Right, I'll stop for now :-)
Hmm, it's been a while..
// just discovered you can comment the hell out of php:
$q/* snarf */=/* quux */$_GET/* foo */[/* bar */'q'/* bazz */]/* yadda */;
So, just discovered you can pass any string as a method name IF you enclose it with curly brackets. You can't define any string as a method alas, but you can catch them with __call(), and process them further as needed. Hmmm....
class foo {
function __call($func, $args) {
eval ($func);
}
}
$x = new foo;
$x->{'foreach(range(1, 10) as $i) {echo $i."\n";}'}();
Found this little gem in Reddit comments:
$foo = 'abcde';
$strlen = 'strlen';
echo "$foo is {$strlen($foo)} characters long."; // "abcde is 5 characters long."
You can't call functions inside {} directly like this, but you can use variables-holding-the-function-name and call those! (*and* you can use variable variables on it, too)
Array manipulation.
Tons of tools for working with and manipulating arrays. It may not be unique to PHP, but I've never worked with a language that made it so easy.
I'm a bit like you, I've coded PHP for over 8 years. I had to take a .NET/C# course about a year ago and I really enjoyed the C# language (hated ASP.NET) but it made me a better PHP developer.
PHP as a language is pretty poor, but, I'm extremely quick with it and the LAMP stack is awesome. The end product far outweighs the sum of the parts.
That said, in answer to your question:
http://uk.php.net/SPL
I love the SPL, the collection class in C# was something that I liked as soon as I started with it.

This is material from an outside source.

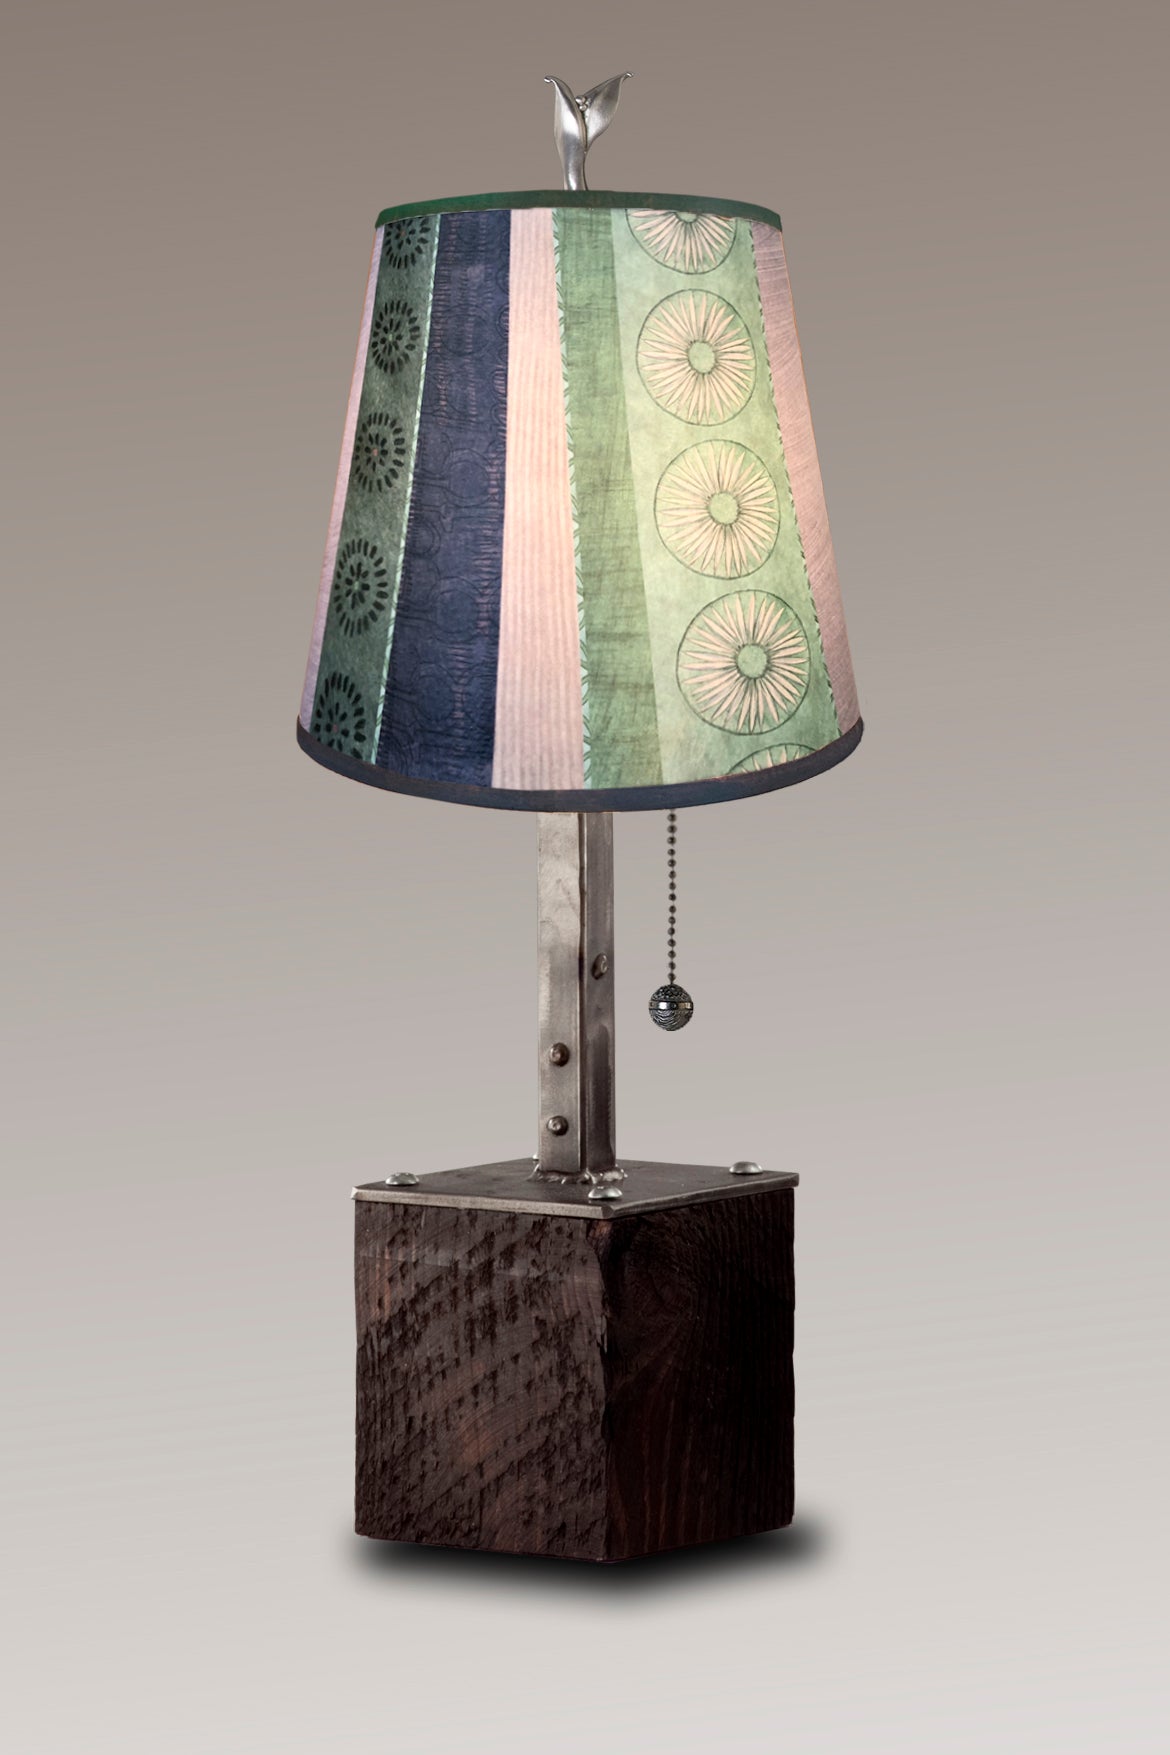 Janna Ugone & Co Table Lamps Steel Table Lamp on Reclaimed Wood with Small Drum Shade in Serape Waters

Now I can have my cake and eat it.
Andrew
I'm a little surprised no-one has mentioned it yet, but one of my favourite tricks with arrays is using the plus operator. It is a little bit like array_merge() but a little simpler. I've found it's usually what I want. In effect, it takes all the entries in the RHS and makes them appear in a copy of the LHS, overwriting as necessary (i.e. it's non-commutative). Very useful for starting with a "default" array and adding some real values all in one hit, whilst leaving default values in place for values not provided.
Code sample requested:
// Set the normal defaults.
$control_defaults = array( 'type' => 'text', 'size' => 30 );
// ... many lines later ...
$control_5 = $control_defaults + array( 'name' => 'surname', 'size' => 40 );
// This is the same as:
// $control_5 = array( 'type' => 'text', 'name' => 'surname', 'size' => 40 );
Here's one, I like how setting default values on function parameters that aren't supplied is much easier:
function MyMethod($VarICareAbout, $VarIDontCareAbout = 'yippie') { }
Quick and dirty is the default.
The language is filled with useful shortcuts, This makes PHP the perfect candidate for (small) projects that have a short time-to-market.

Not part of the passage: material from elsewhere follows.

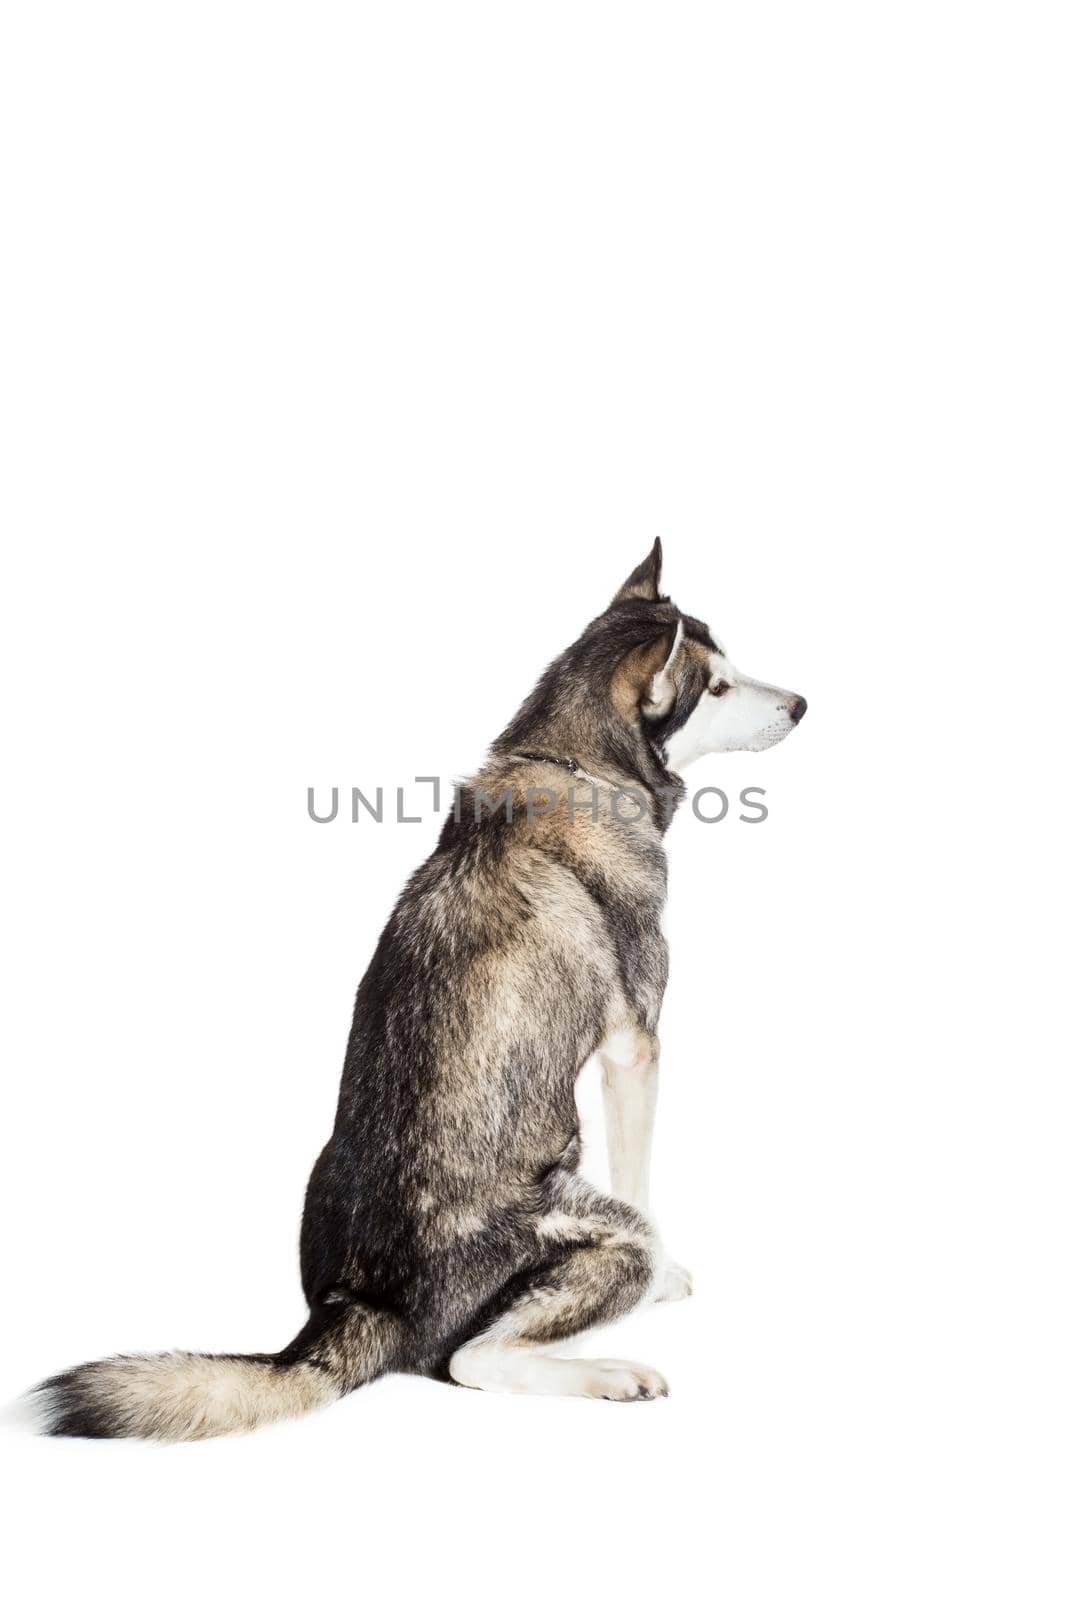 Alaskan Malamute sitting in front of white background. Dog sitting with his back to the camera

Not that clean PHP code is impossible, it just takes some extra effort and experience.
But I love PHP because it lets me express what I want without typing an essay.
PHP:
if (preg_match("/cat/","one cat")) {
// do something
}
JAVA:
import java.util.regex.*;
Pattern p = Pattern.compile("cat");
Matcher m = p.matcher("one cat")
if (m.find()) {
// do something
}
And yes, that includes not typing Int.